From left, executive director Tammy Black and nurse practitioner Mary Lamberson with patient Jeremy Franks Tuesday at Access Carroll in Westminster Nov. 2020.
From left, executive director Tammy Black and nurse practitioner Mary Lamberson with patient Jeremy Franks Tuesday at Access Carroll in Westminster Nov. 2020. (Dylan Slagle / Carroll County Ti/Baltimore Sun Media Group)

Access Carroll partners with the Carroll County Health Department, Carroll Hospital, LifeBridge Health, and The Partnership for a Healthier Carroll County Inc. Together, these organizations make sure Access Carroll serves the community’s most vulnerable at-risk patients the best it can.

“Holiday Hope is a pretty important aspect of community awareness and raising support,” Black said. “First of all, it lets folks know that we’re here. If they have a loved one, or they themselves need help, we’re here to help.”

Black said Access Carroll is open seven days a week and serves approximately 10,000 individuals per year and the staff provides about 22,000 visits or so every year as well. The Holiday Hope campaign provides unrestricted funds for the organization that they can use in areas that need the most assistance.

Medical professionals at Access Carroll are seeing a lot of patients for all kinds of services such as re-housing case management, medication acquisition, coronavirus screening, and counseling.

They opened an emergency medical respite at the Carroll County Health Department over the summer to provide acute and post-acute care for homeless people who are too ill to recover from a physical illness or injury on the streets, but are not sick enough to be in a hospital.

From left, Dr.
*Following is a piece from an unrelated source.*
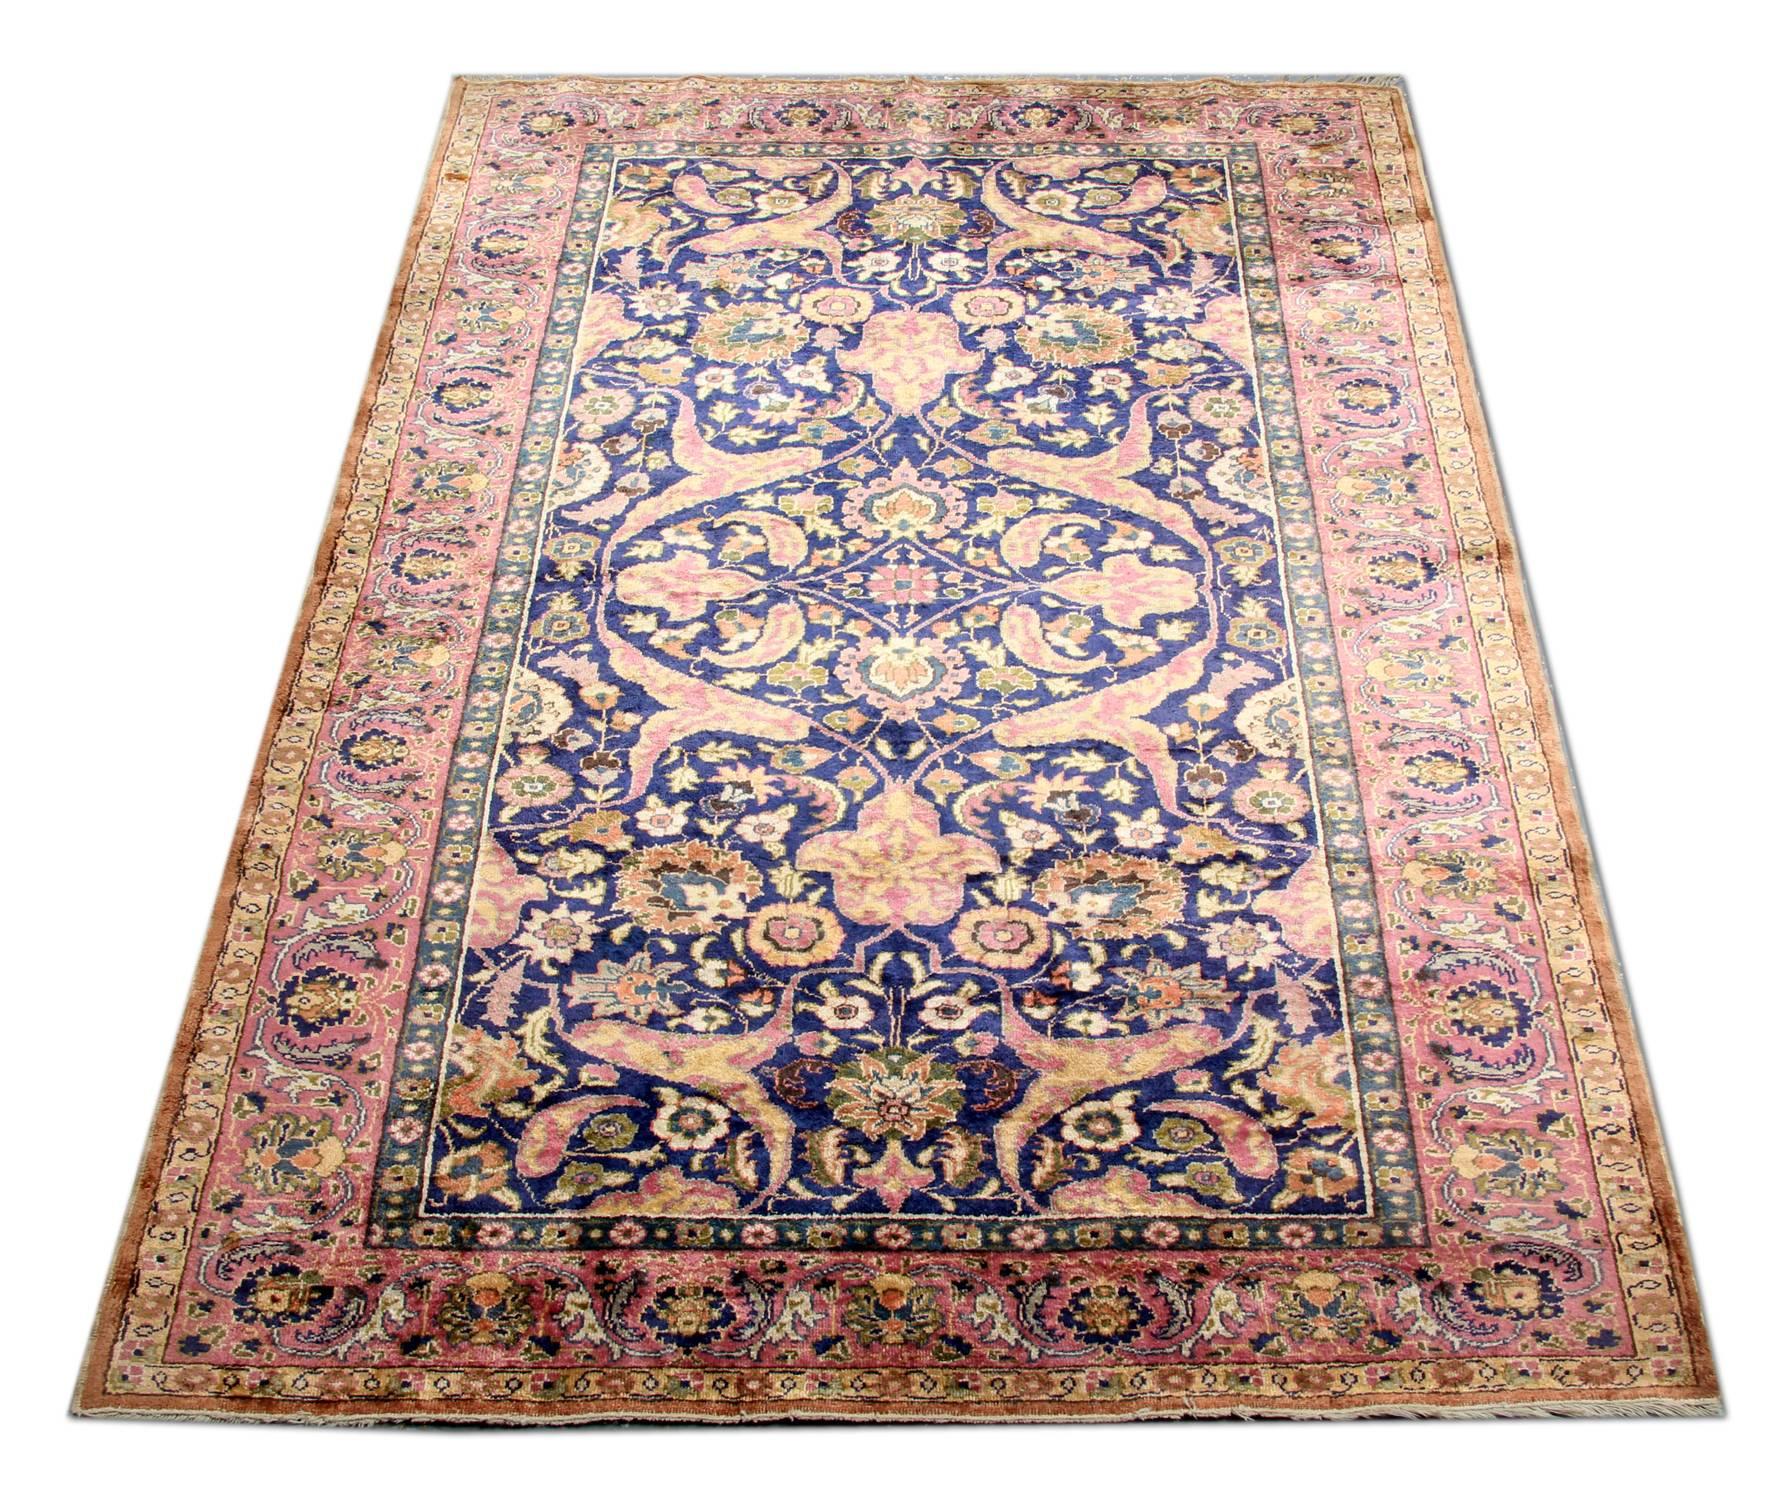 Il s'agit d'un exemple de tapis vintage finement noué à la main en provenance d'Anatolie centrale avec un motif floral classique sur tout le tapis, composé de petits motifs. Les poils de laine de haute qualité sur une solide base de soie et

Joe O'Leary, Medical Director of Behavioral Health Sevices, LabCorp phlebotomist Larry Damer, certified medical assistant Mary Hernandez and nursing assistant Robin Black work Tuesday at Access Carroll in Westminster Nov. 2020.
From left, Dr. Joe O'Leary, Medical Director of Behavioral Health Sevices, LabCorp phlebotomist Larry Damer, certified medical assistant Mary Hernandez and nursing assistant Robin Black work Tuesday at Access Carroll in Westminster Nov. 2020. (Dylan Slagle / Carroll County Ti/Baltimore Sun Media Group)

“We’ve never closed down during COVID-19, we’ve never laid any of our staff off and we still have our full staff here,” Black said. “We’re providing a lot of essential services … we’re doing much better in terms of managing COVID-19 not just us, but as a community as far as the environment of care and making sure of our standardization and disinfection protocols.”

The Big Band Merry Christmas Concert, Access Carroll’s signature fundraising event, was canceled this year because of the coronavirus pandemic and the organization is hosting a Spirit of Christmas campaign with hopes that it will help Access Carroll maintain its annual budget.

Black praised Access Carroll’s integrated care team of professionals of different disciplines that work together every day to make the organization successful.

“[We’re] pulling together all these different professionals, all these different disciplines under one roof to provide a very wonderful opportunity for patients to get all their health care needs met in one place that’s outpatient.”